Dare is also peppered with some nasty relationship songs which, as Oakley once observed, are more about “toxic sexual politics” than “believing in a thing called love.” “Do or Die” is the most austere sounding song on the album; its lyrics brilliantly impugn a malignant lover that Philip cannot seem to extricate himself from, while the rather plodding “I Am the Law” enters yet more disturbing territory with its overprotective and controlling proclamations. This song can perhaps be filed alongside the Police’s “Every Breath You Take” and Depeche Mode’s “Question of Time” as 80s pop tunes which obligingly illuminate the perspectives of slightly psychotic stalkers.

And yet even when the lyrics are toxic rather than life-affirming, the overwhelming air of detachment conjured by the coldly cyborgian music remains dominant. Perhaps the only song that breaks through the ice is “Don’t You Want Me?”, which was apparently relegated to being the last song on the album because Oakley so disliked it. The lyrics again conjure a possessive and potentially insane boyfriend, who objects to being abandoned by the lover that he purports to have single-handedly elevated from obscurity to stardom. She, for what it’s worth, sounds like a bit of a cold-blooded social climber, happy to discard her former beau now that she’s “made it.” After an accusatory verse, the bridge slips into disbelieving melancholy, before culminating in what can only be considered an outright threat – that if she doesn’t come back, then both of them will be sorry. It’s a thoroughly bad natured song with two not terribly sympathetic protagonists, and of course, it’s one of the finest moments in all of synthpop.
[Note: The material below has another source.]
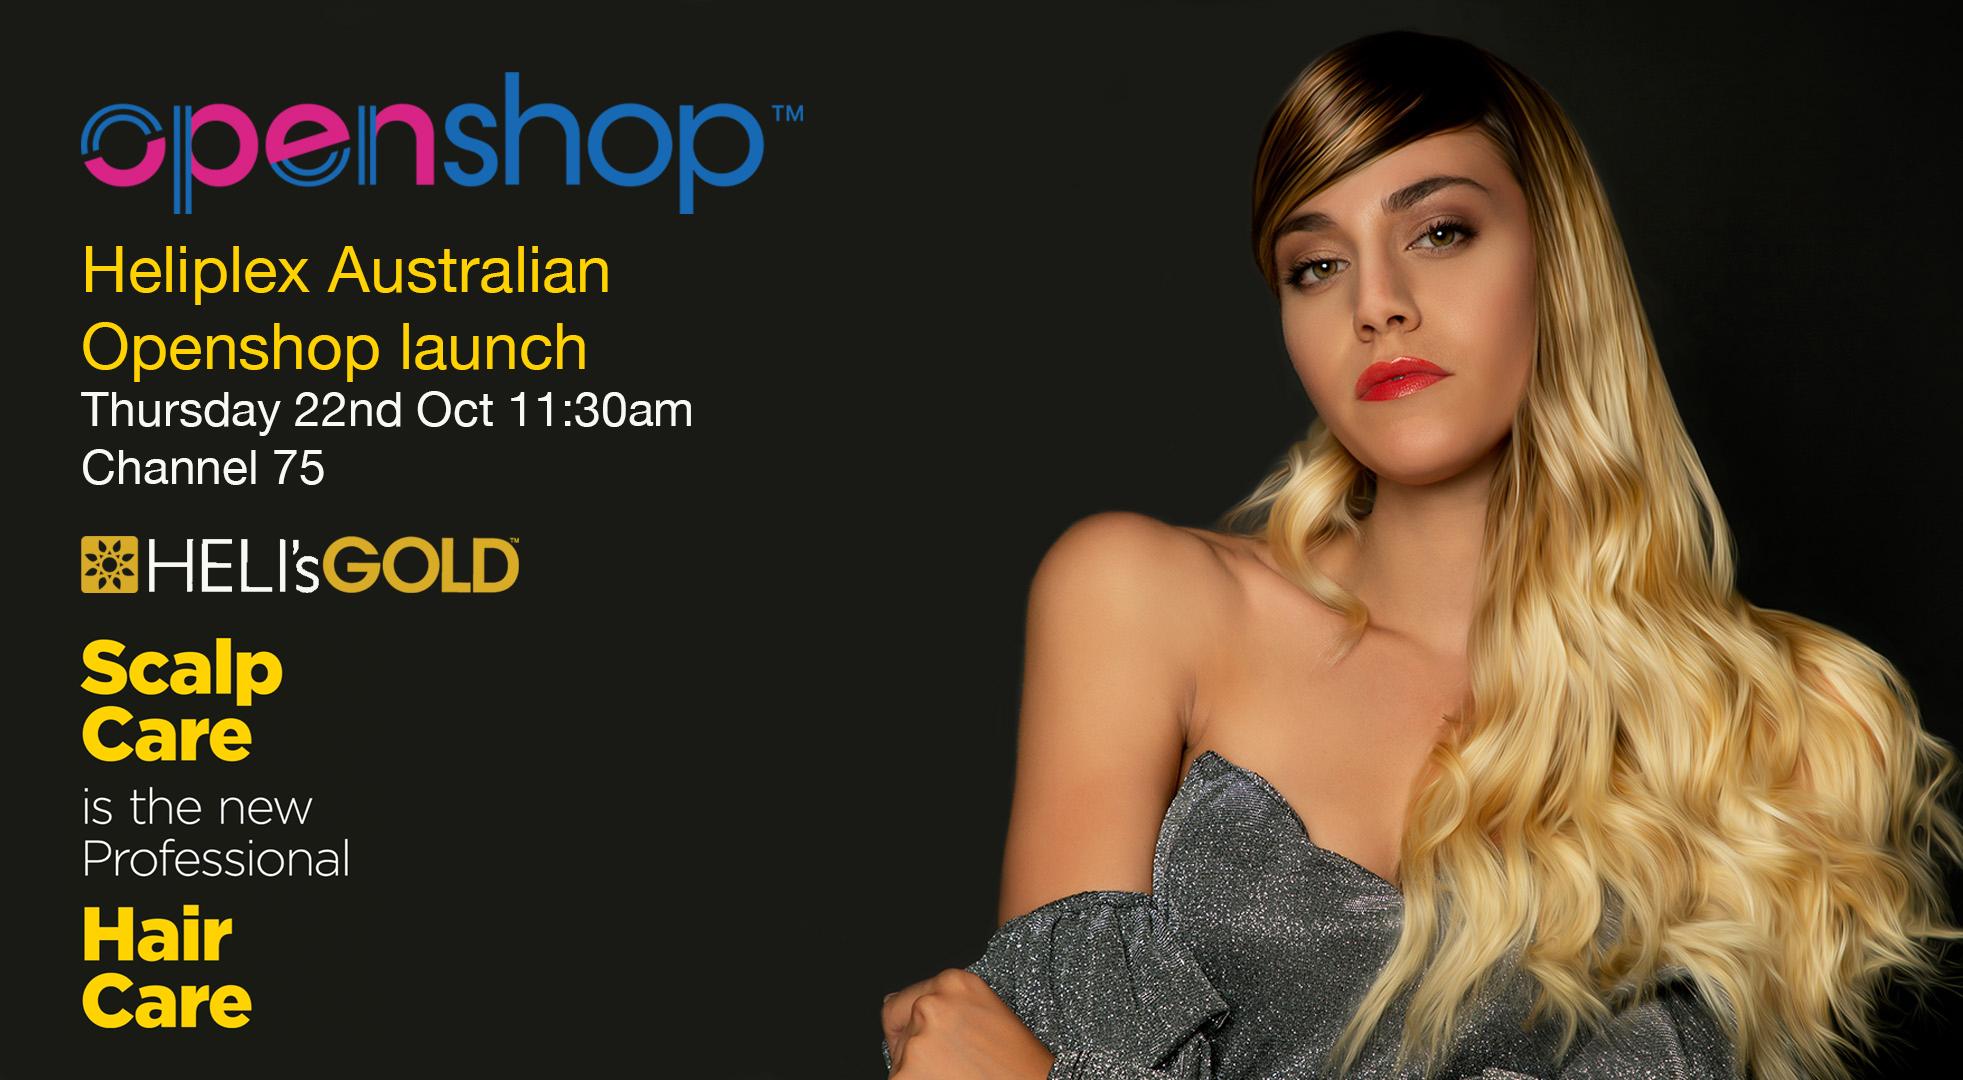 Australian TV launch for Heliplex on Openshop Channel 75 , Thursday 22nd Oct 11:30am

Dare, clearly, is all about the singles, and I can think of few albums which more effectively channel the aloof and inhuman sound of early 80s pop music. When it lapses into the more expansive avantgarde electronica of the band’s formative years, like on “Do or Die” or “Seconds”, then it gets a bit boring, even exasperating. 80s synthpop is indubitably at its best when packed into a four-minute single, and albums from this era are ultimately best judged on the strength of their radio hits. Dare has an abundance of these. But after an intensive listen, I wouldn’t necessarily have objected to the sound of something warmer and even flawed; a full-sounding guitar, some inexpertly played drums, vocals that briefly lose control. You don’t get that with the Human League, which is ironic, considering the name of the band – perhaps yet another attempt to remind the listener that, yes, there are flesh-and-blood people behind this music, just in case you forgot.

7/10
Highlights: “The Things That Dreams are Made Of”, “Sound of the Crowd”, “Don’t You Want Me?”